Records for this exercise below:

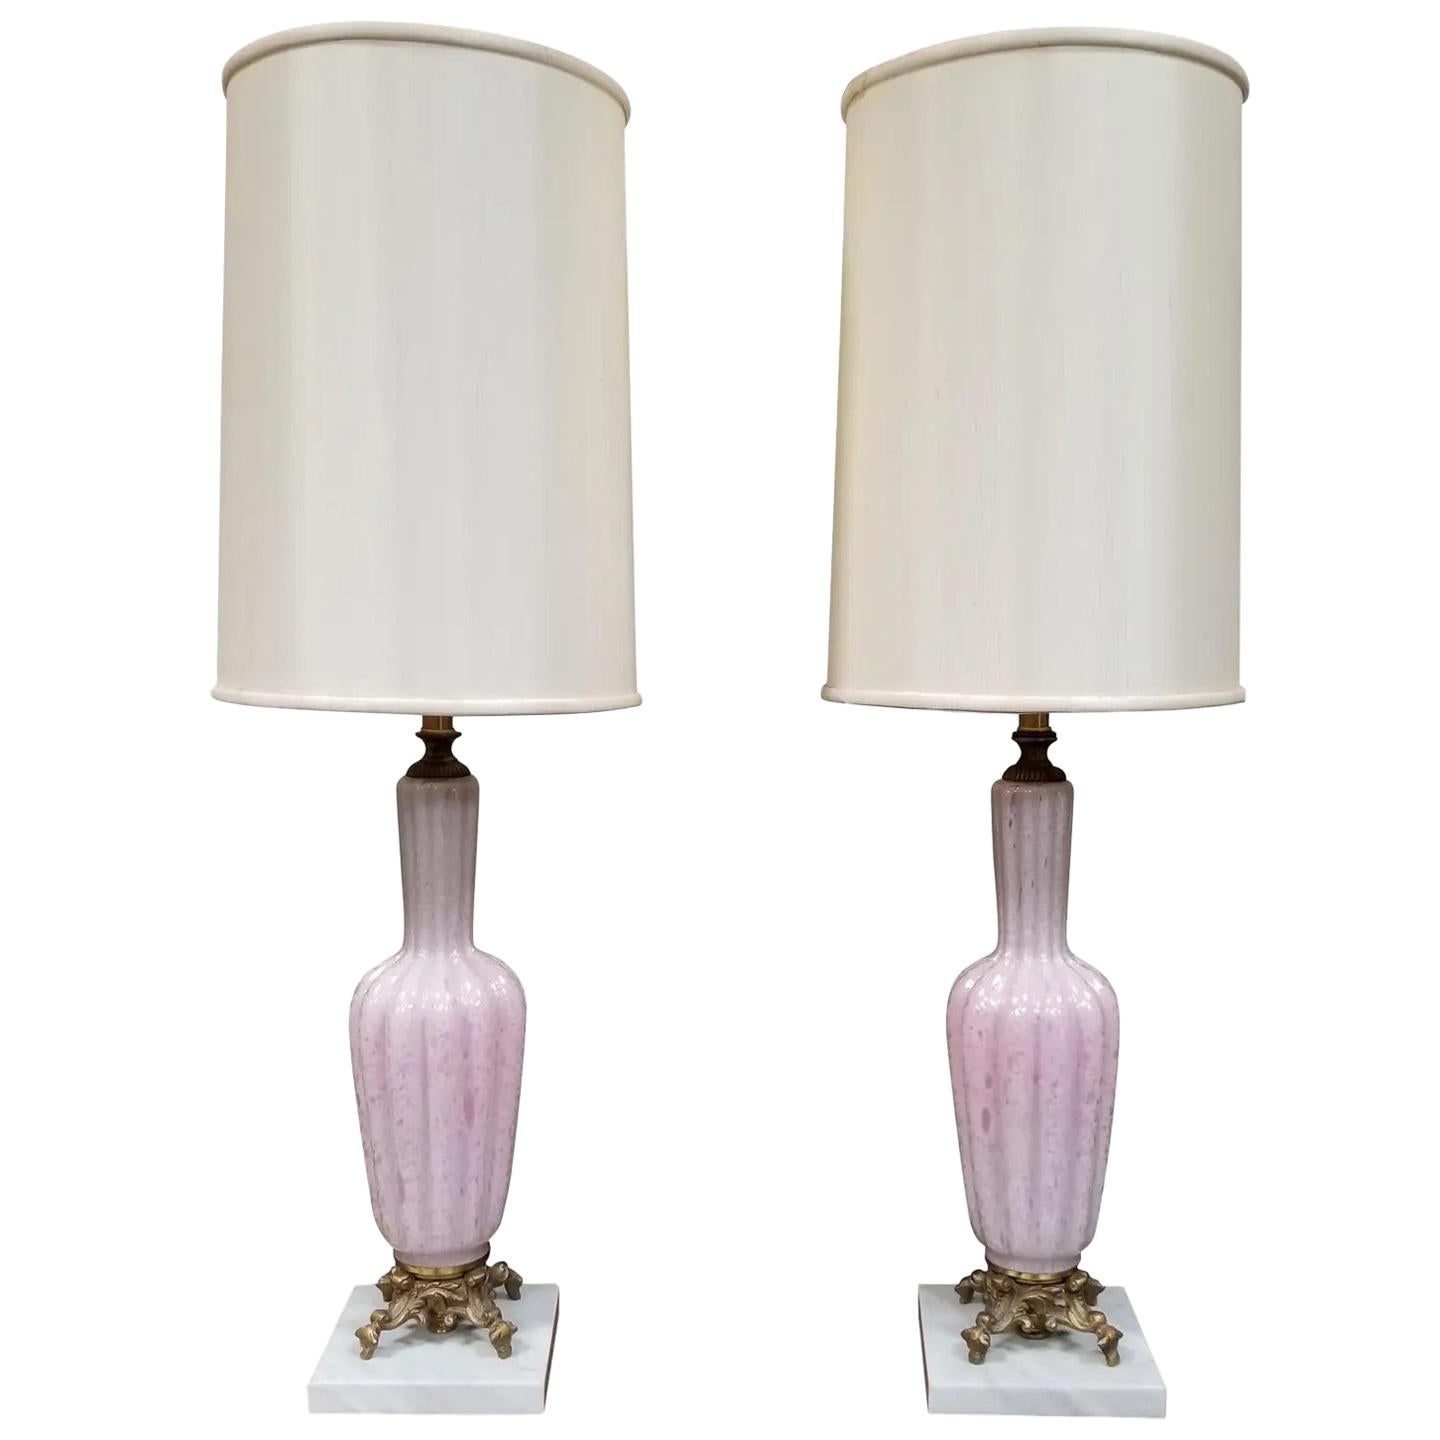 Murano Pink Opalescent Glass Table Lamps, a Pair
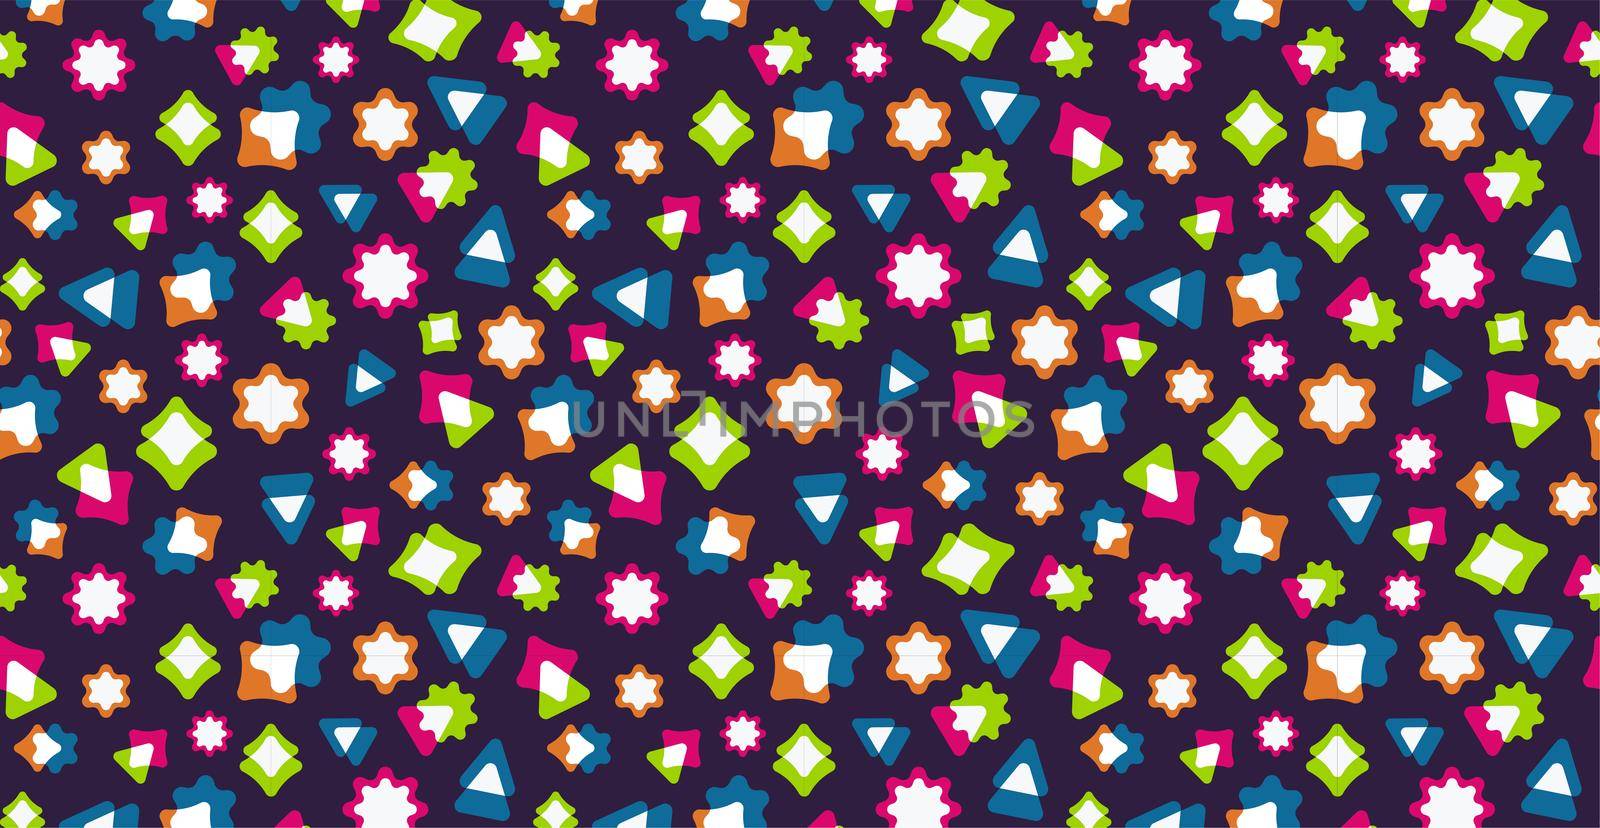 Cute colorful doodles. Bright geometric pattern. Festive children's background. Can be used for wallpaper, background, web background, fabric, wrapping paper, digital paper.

End of Records for this exercise.
Records for this exercise below:

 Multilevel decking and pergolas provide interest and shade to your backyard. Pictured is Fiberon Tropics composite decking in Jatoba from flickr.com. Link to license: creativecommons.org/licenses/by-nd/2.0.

End of Records for this exercise.
Records for this exercise below:

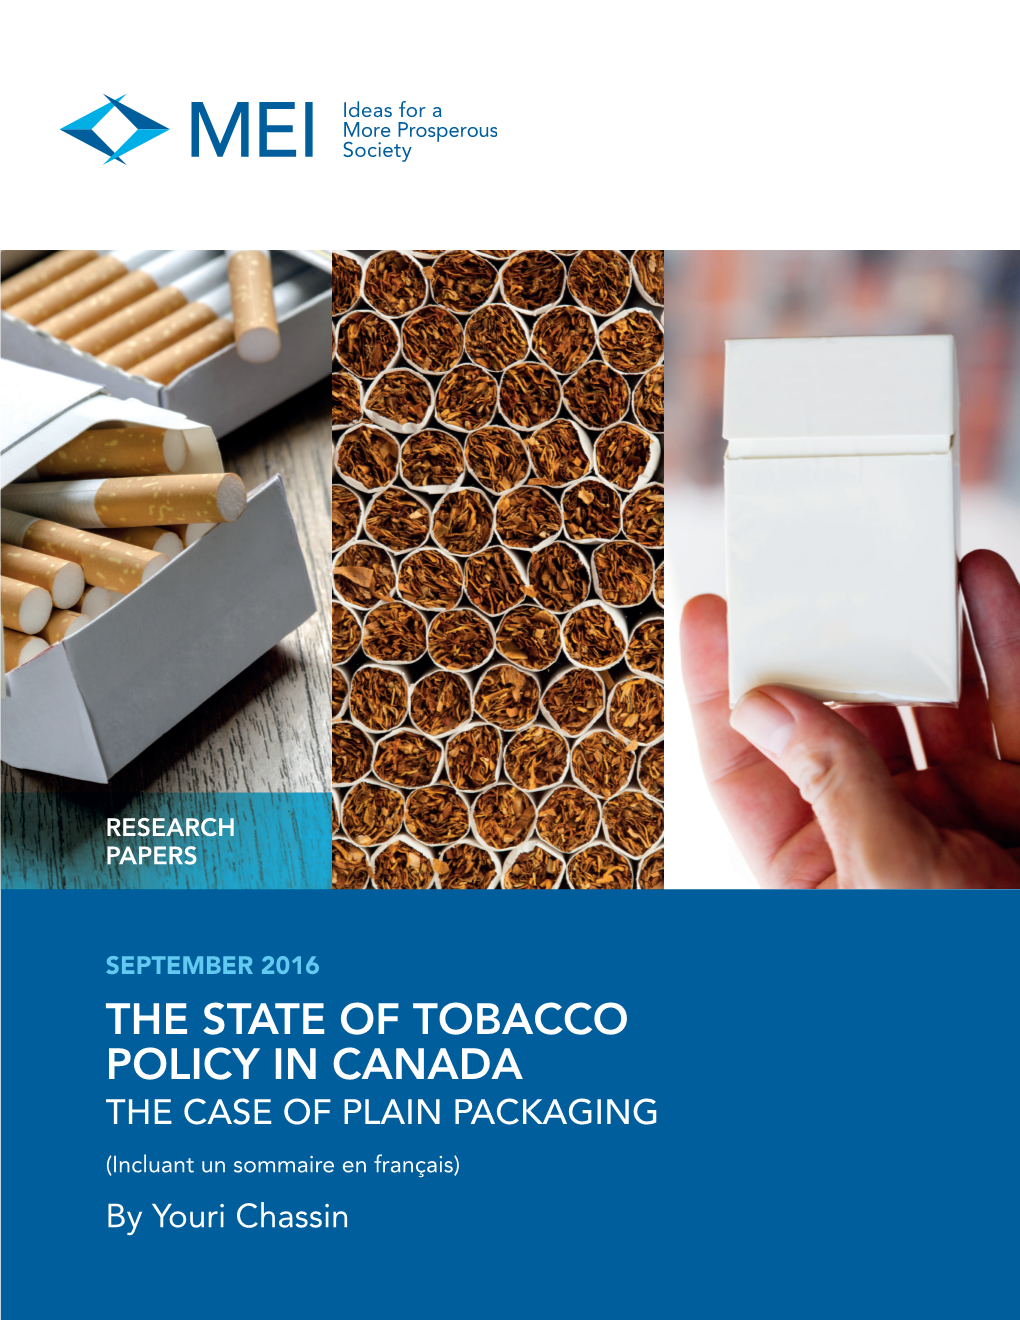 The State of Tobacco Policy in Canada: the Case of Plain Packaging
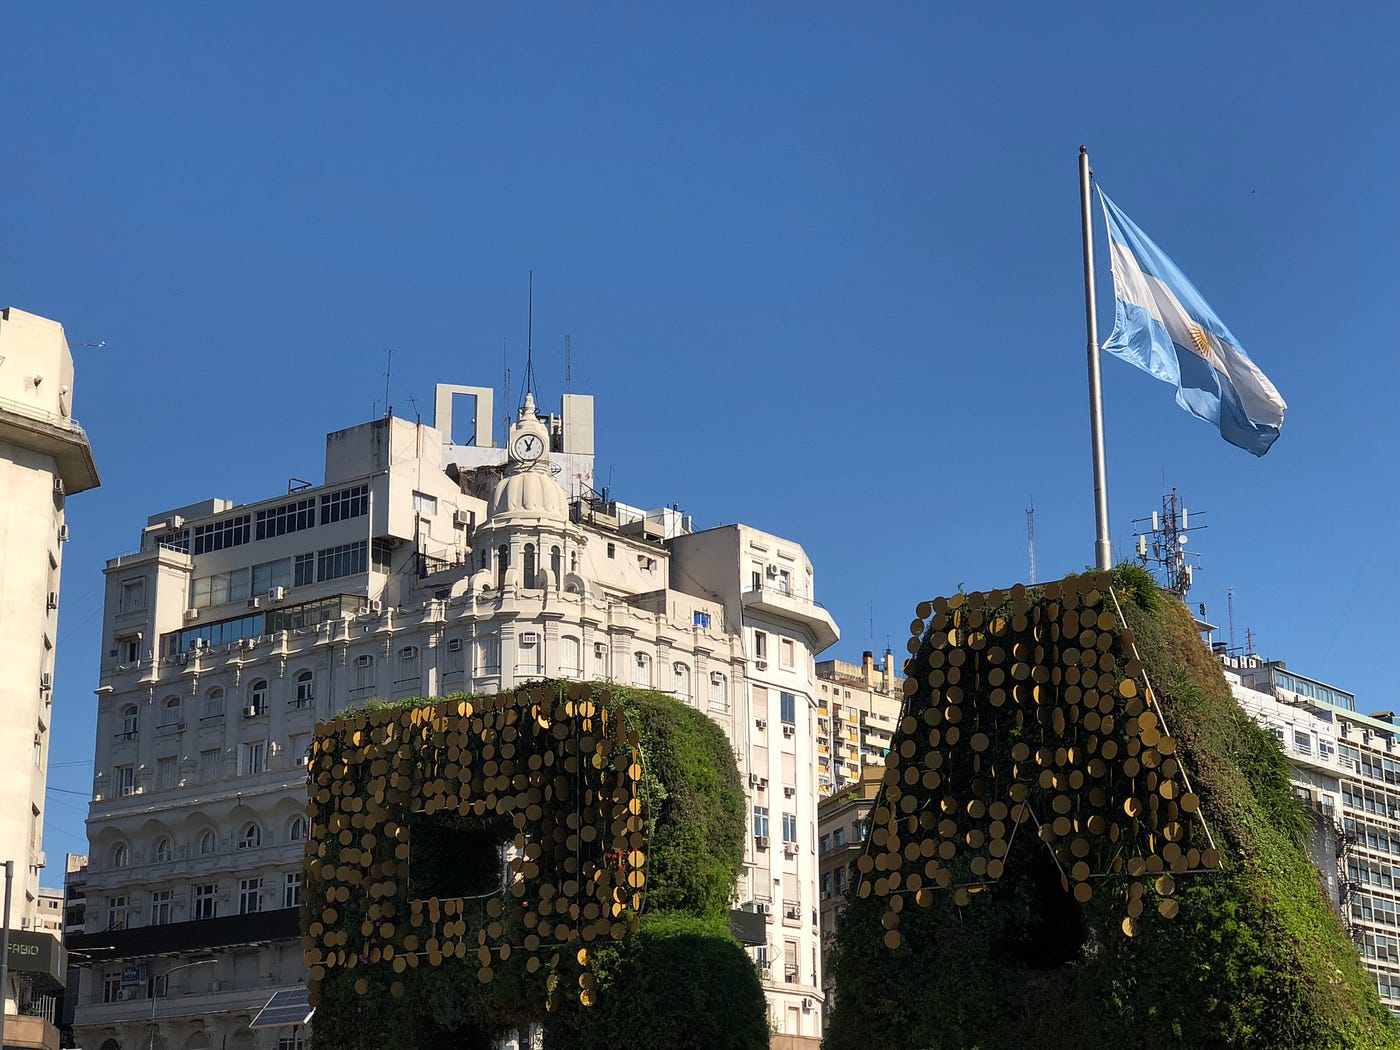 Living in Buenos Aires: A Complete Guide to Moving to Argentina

End of Records for this exercise.

Please repeat the lines of the material above exactly, starting with the line that contains "The State of" and ending with the line that contains "Living in Buenos". Leave the pictures out.

 The State of Tobacco Policy in Canada: the Case of Plain Packaging
 Living in Buenos Aires: A Complete Guide to Moving to Argentina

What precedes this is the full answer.